### PROBLEM
Once the pictures are set aside, print the records that follow exactly as written.

Data excerpts:
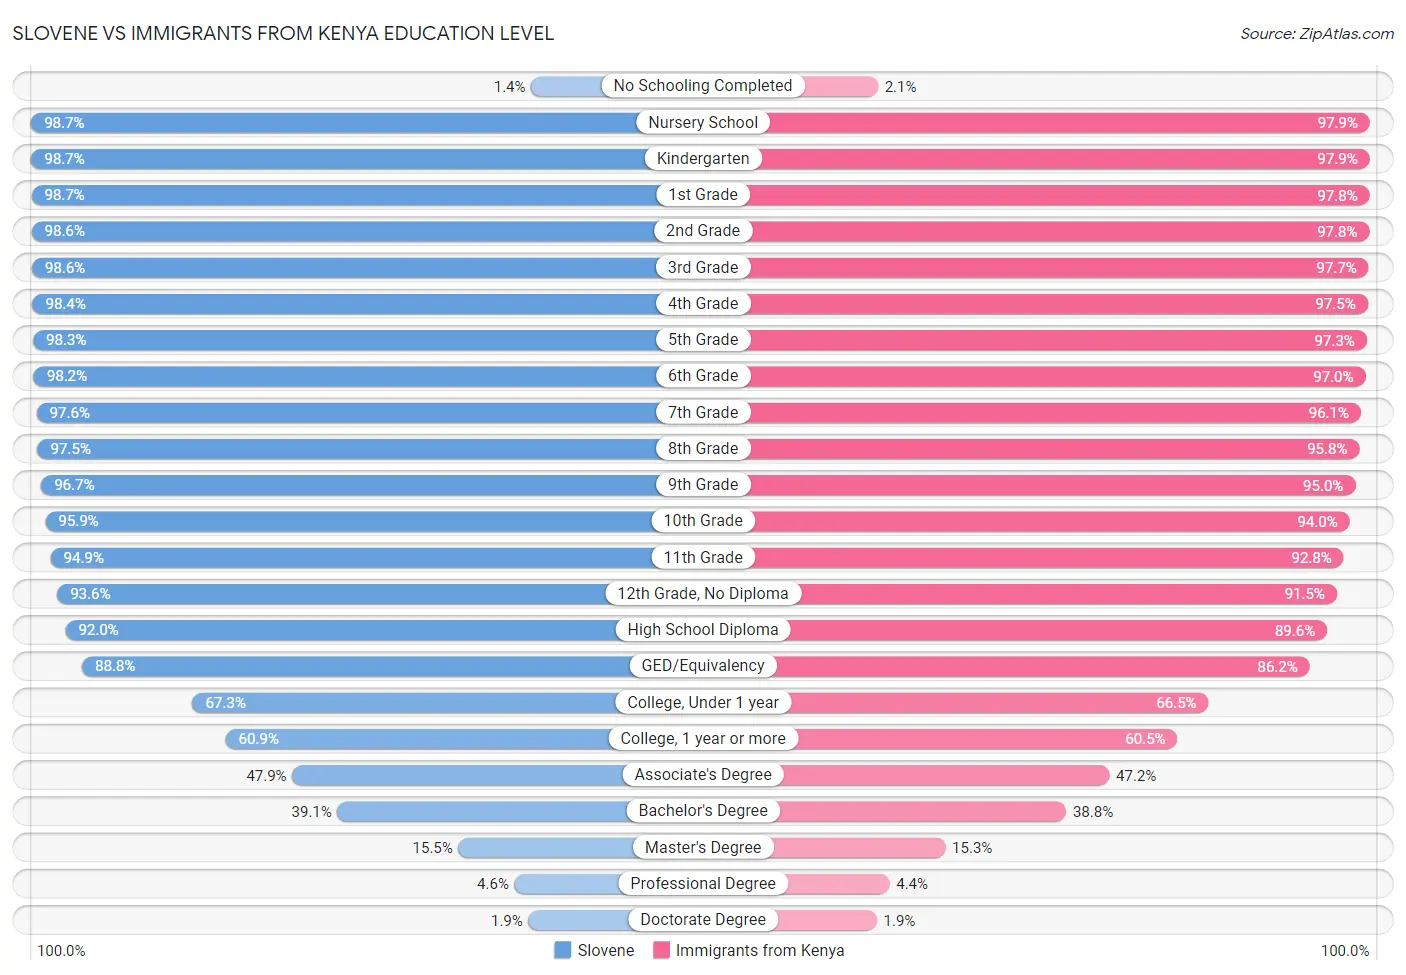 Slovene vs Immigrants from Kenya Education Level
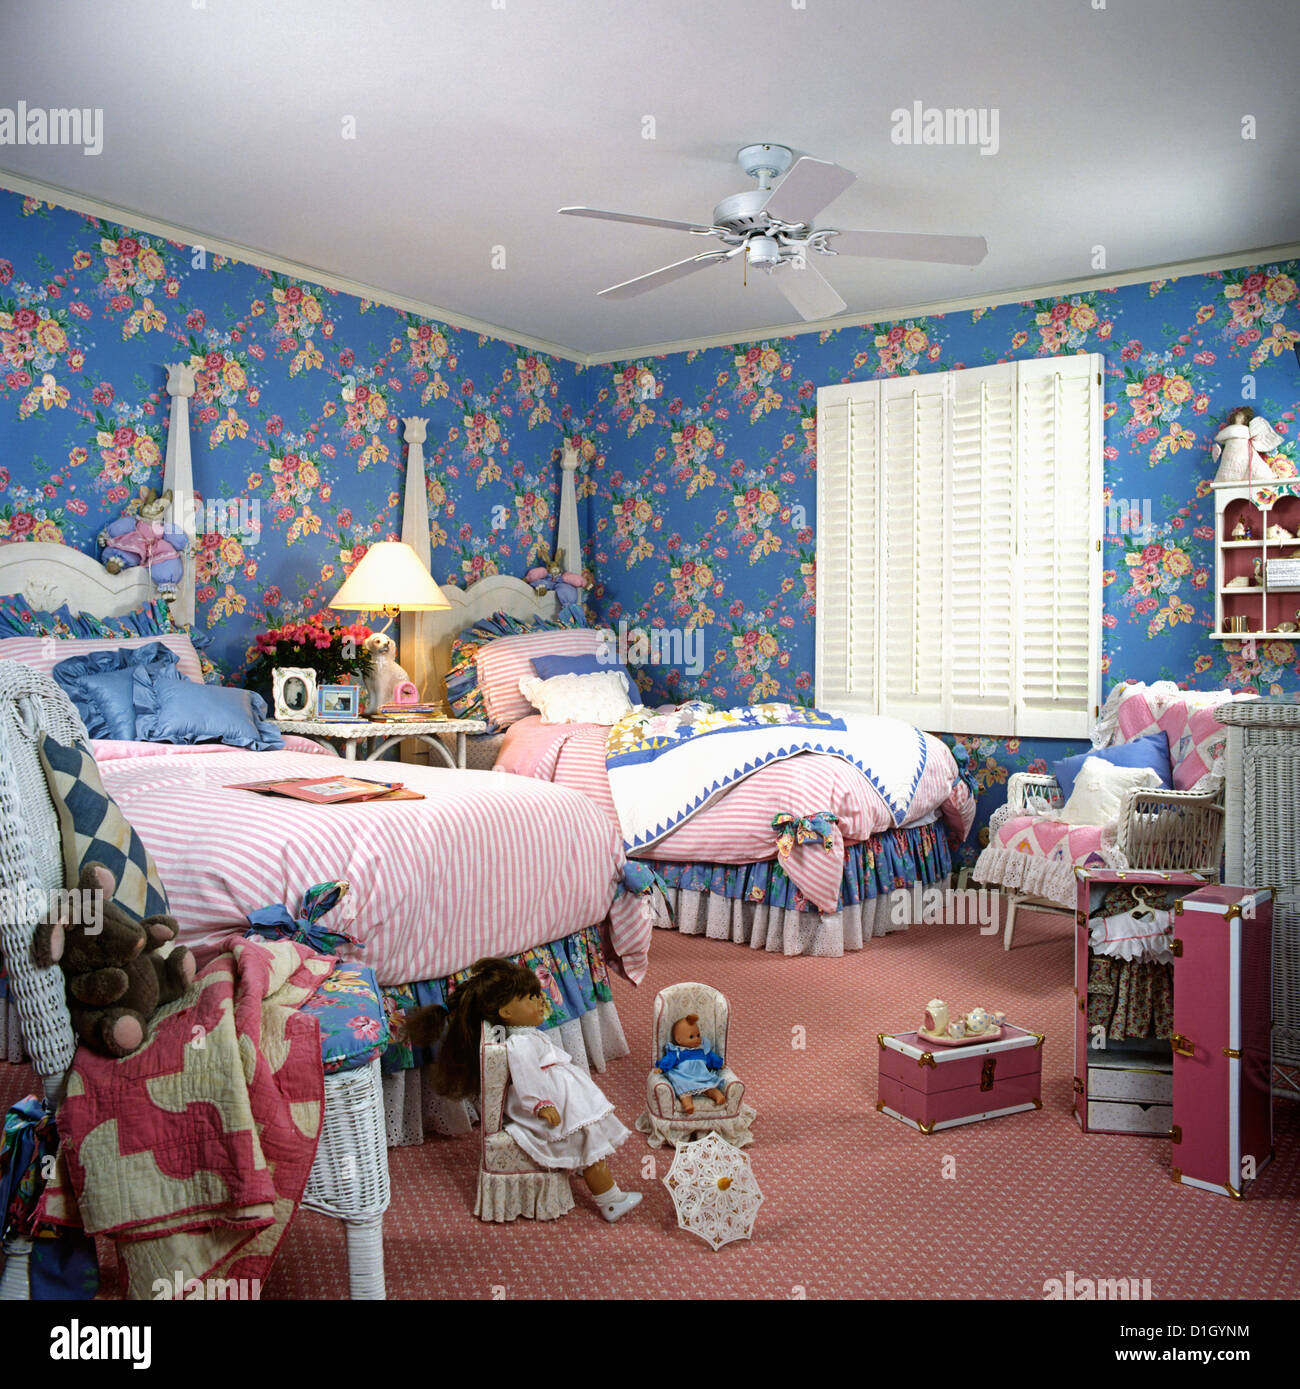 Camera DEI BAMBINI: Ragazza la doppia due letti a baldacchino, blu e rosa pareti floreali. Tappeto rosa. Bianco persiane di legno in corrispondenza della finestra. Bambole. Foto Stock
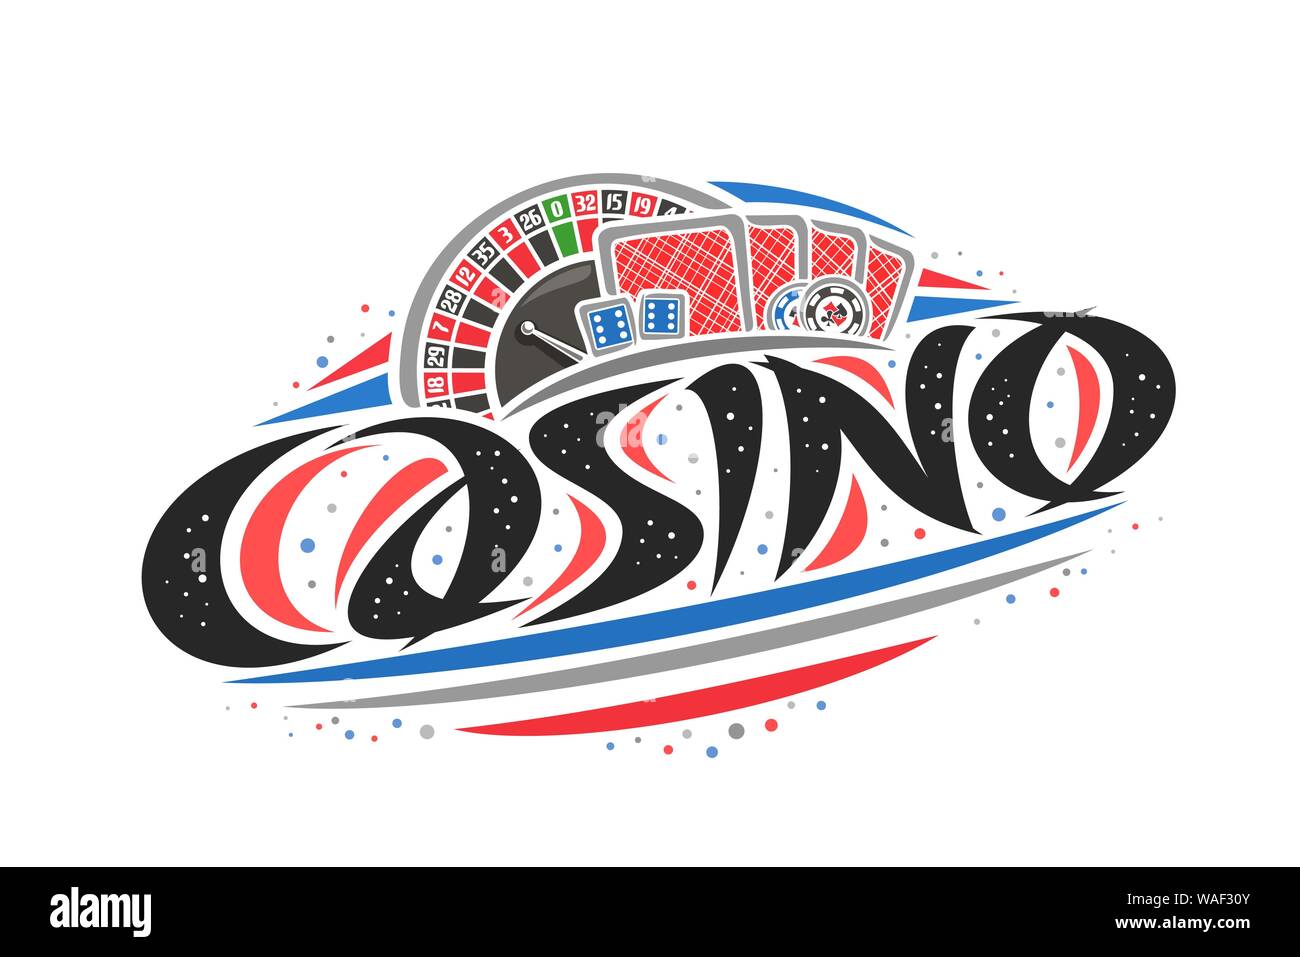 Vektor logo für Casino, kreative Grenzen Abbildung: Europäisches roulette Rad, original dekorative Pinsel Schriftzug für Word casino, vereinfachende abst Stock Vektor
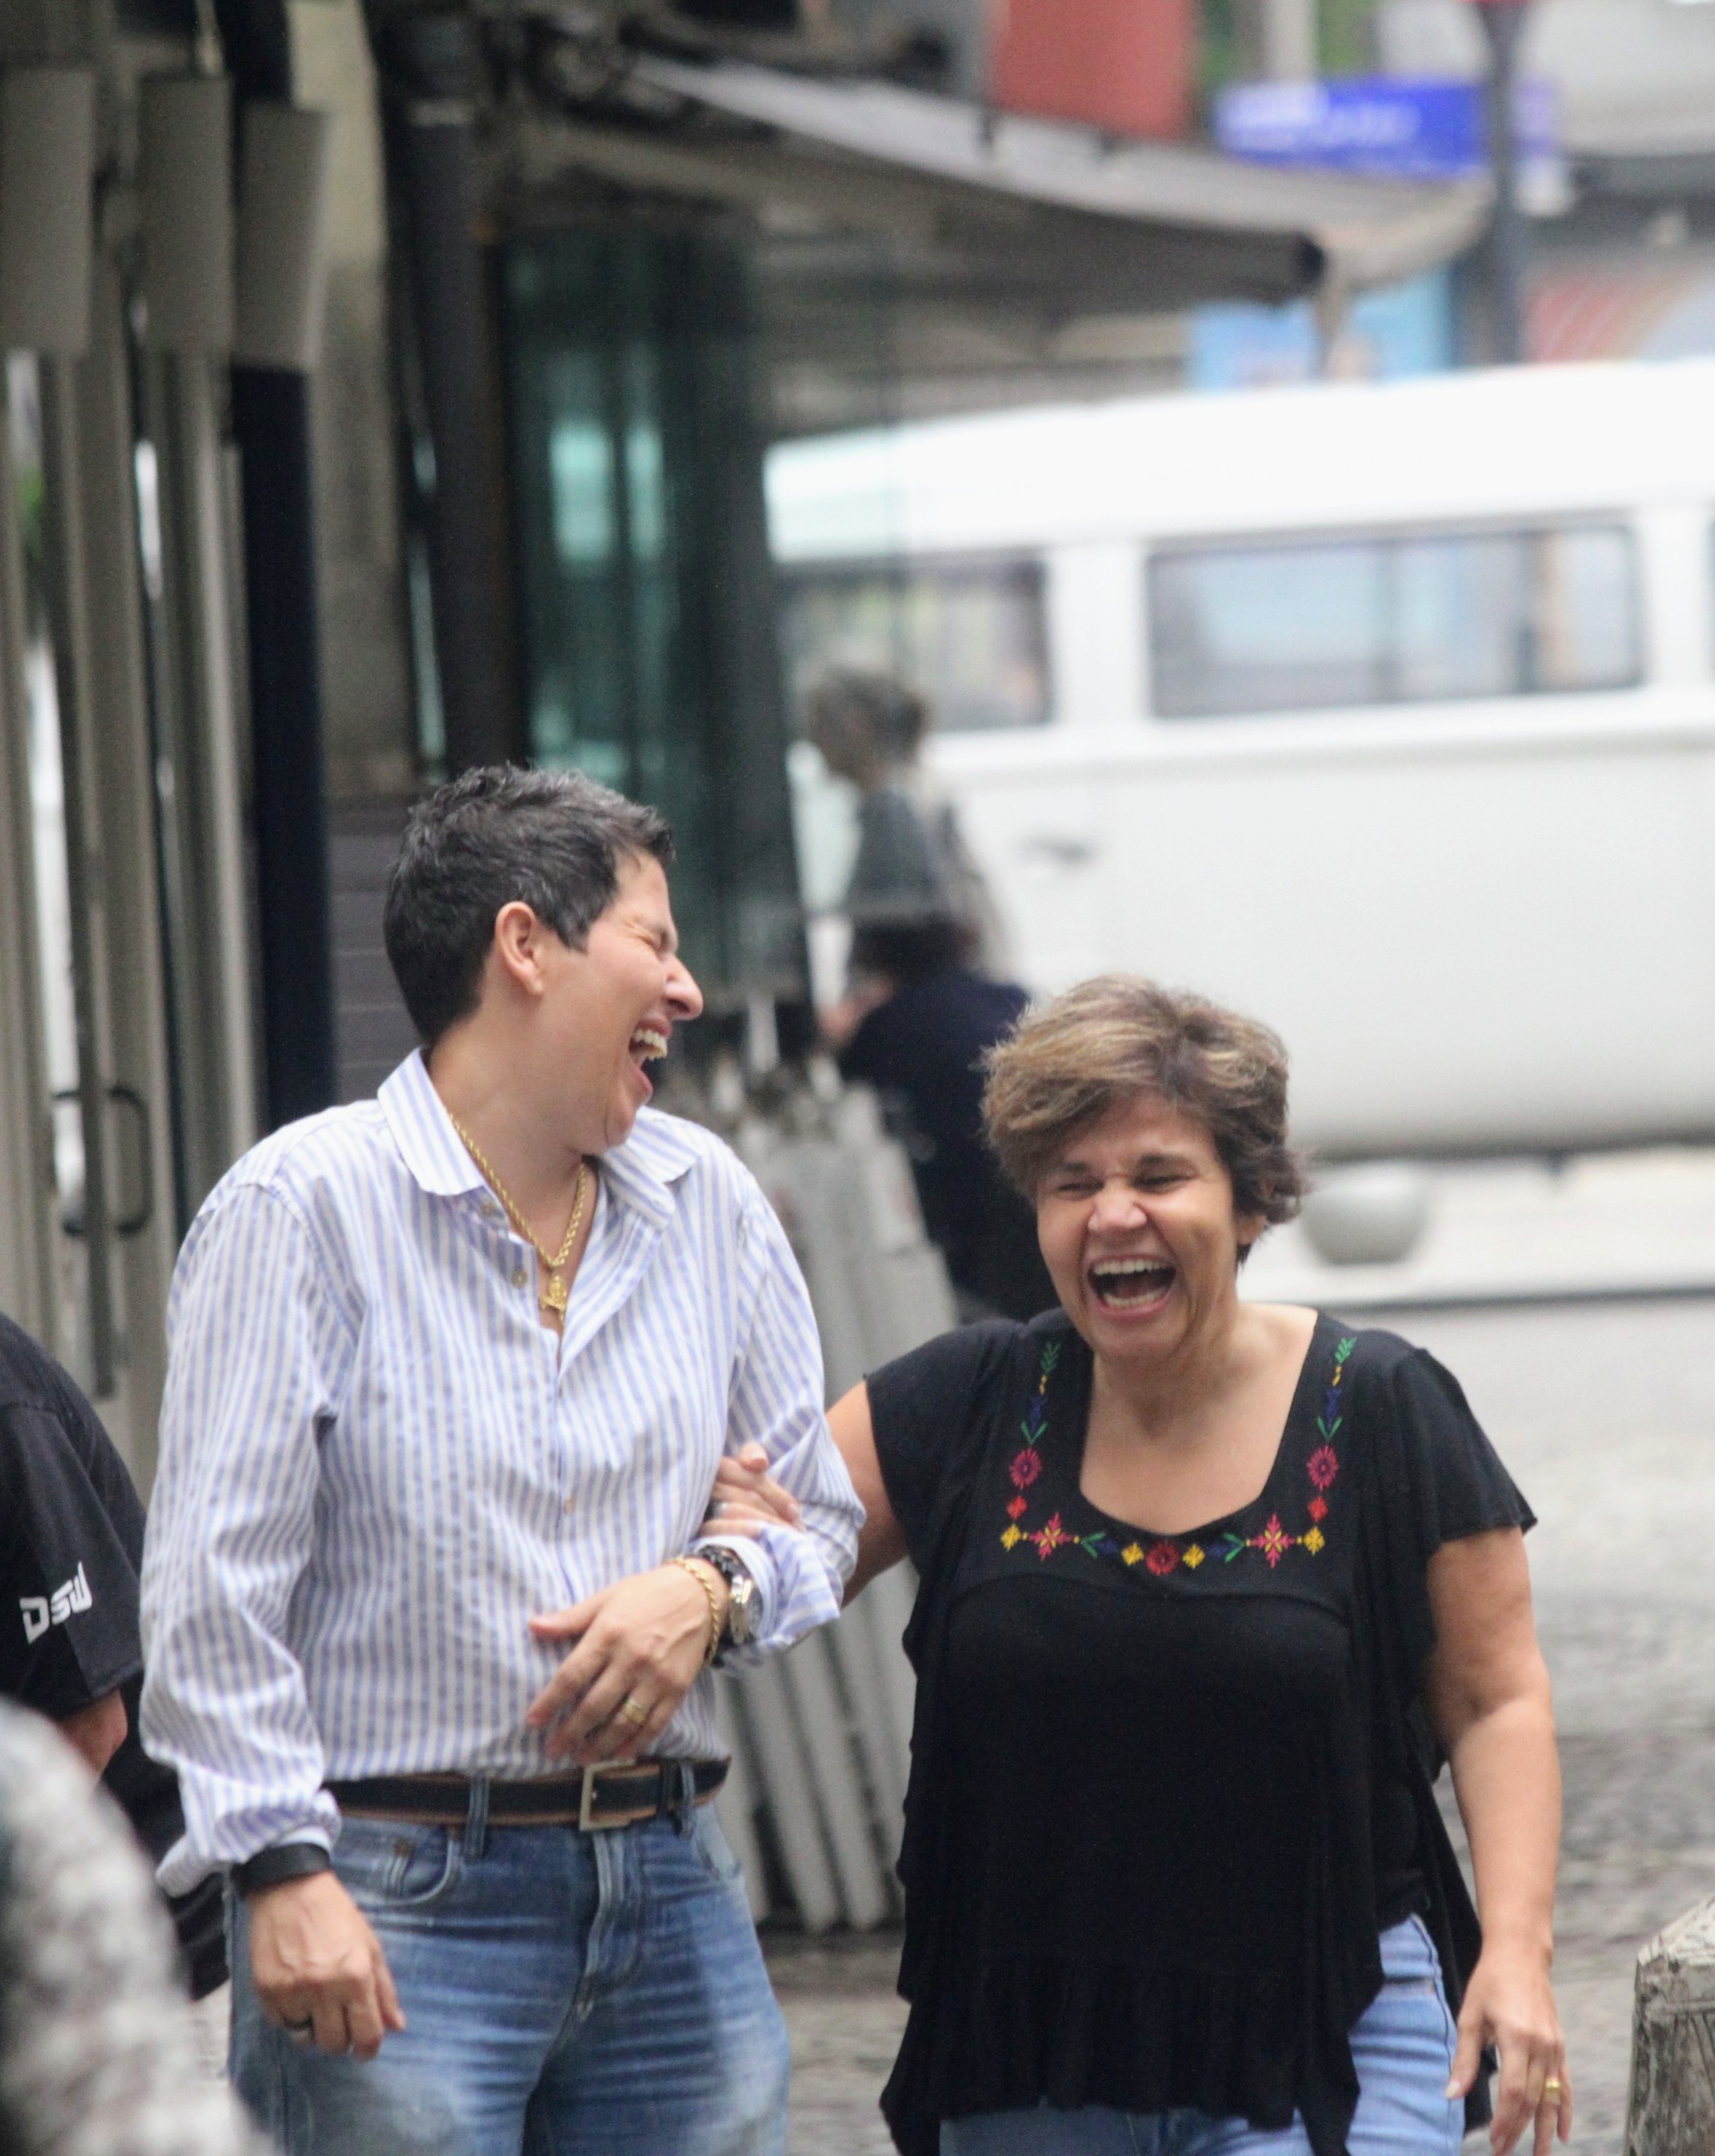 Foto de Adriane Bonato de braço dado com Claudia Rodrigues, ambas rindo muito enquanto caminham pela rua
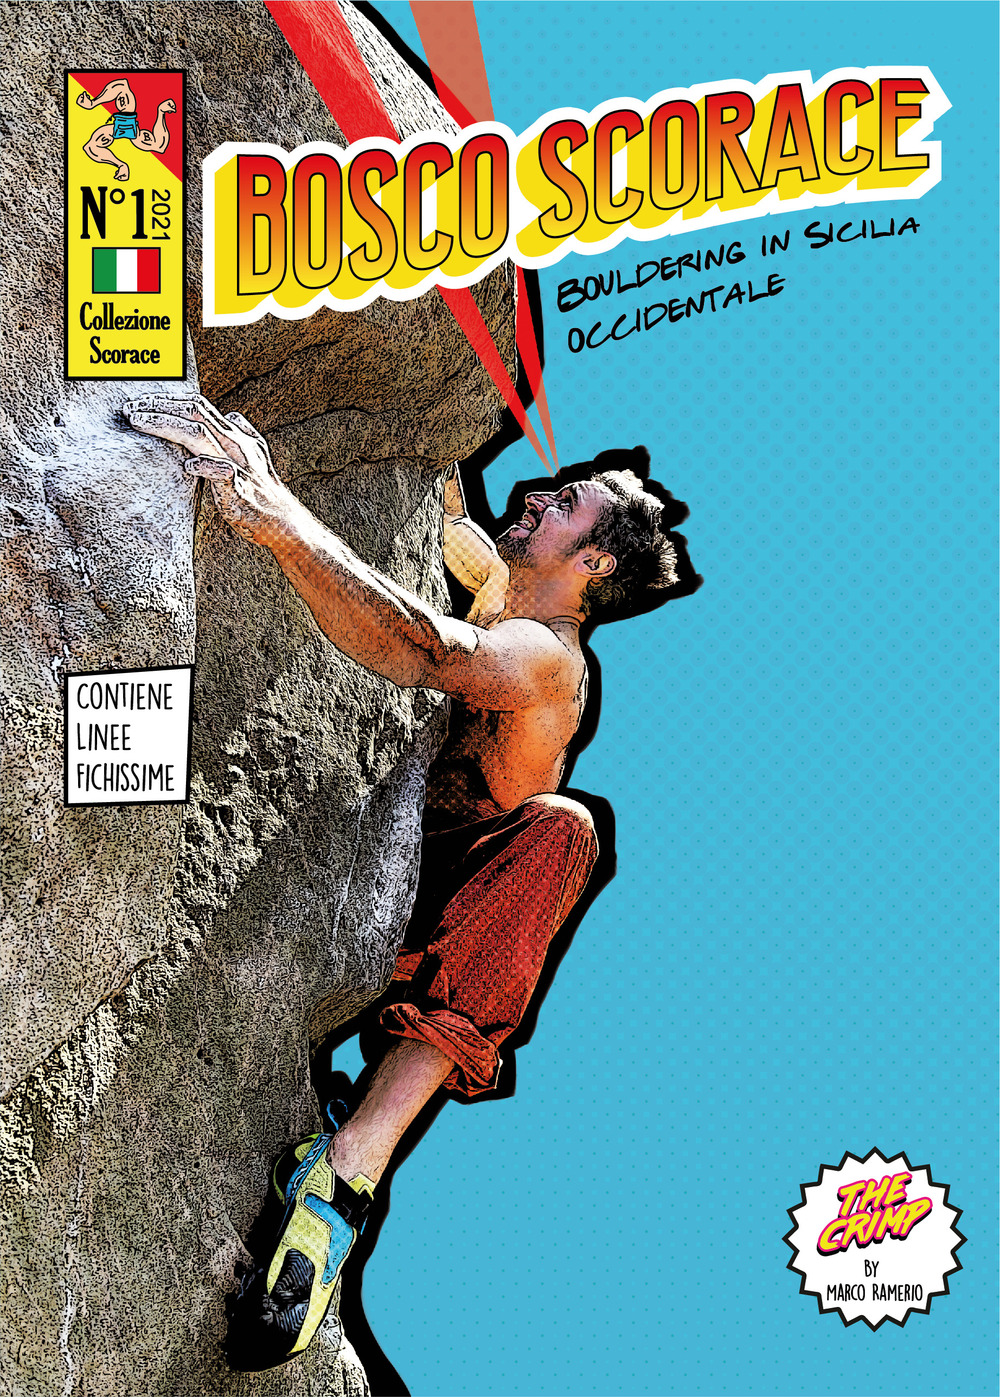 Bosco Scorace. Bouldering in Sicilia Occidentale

### EXERCISE RESPONSE
 Slovene vs Immigrants from Kenya Education Level
 Camera DEI BAMBINI: Ragazza la doppia due letti a baldacchino, blu e rosa pareti floreali. Tappeto rosa. Bianco persiane di legno in corrispondenza della finestra. Bambole. Foto Stock
 Vektor logo für Casino, kreative Grenzen Abbildung: Europäisches roulette Rad, original dekorative Pinsel Schriftzug für Word casino, vereinfachende abst Stock Vektor
 Foto de Adriane Bonato de braço dado com Claudia Rodrigues, ambas rindo muito enquanto caminham pela rua
 Bosco Scorace. Bouldering in Sicilia Occidentale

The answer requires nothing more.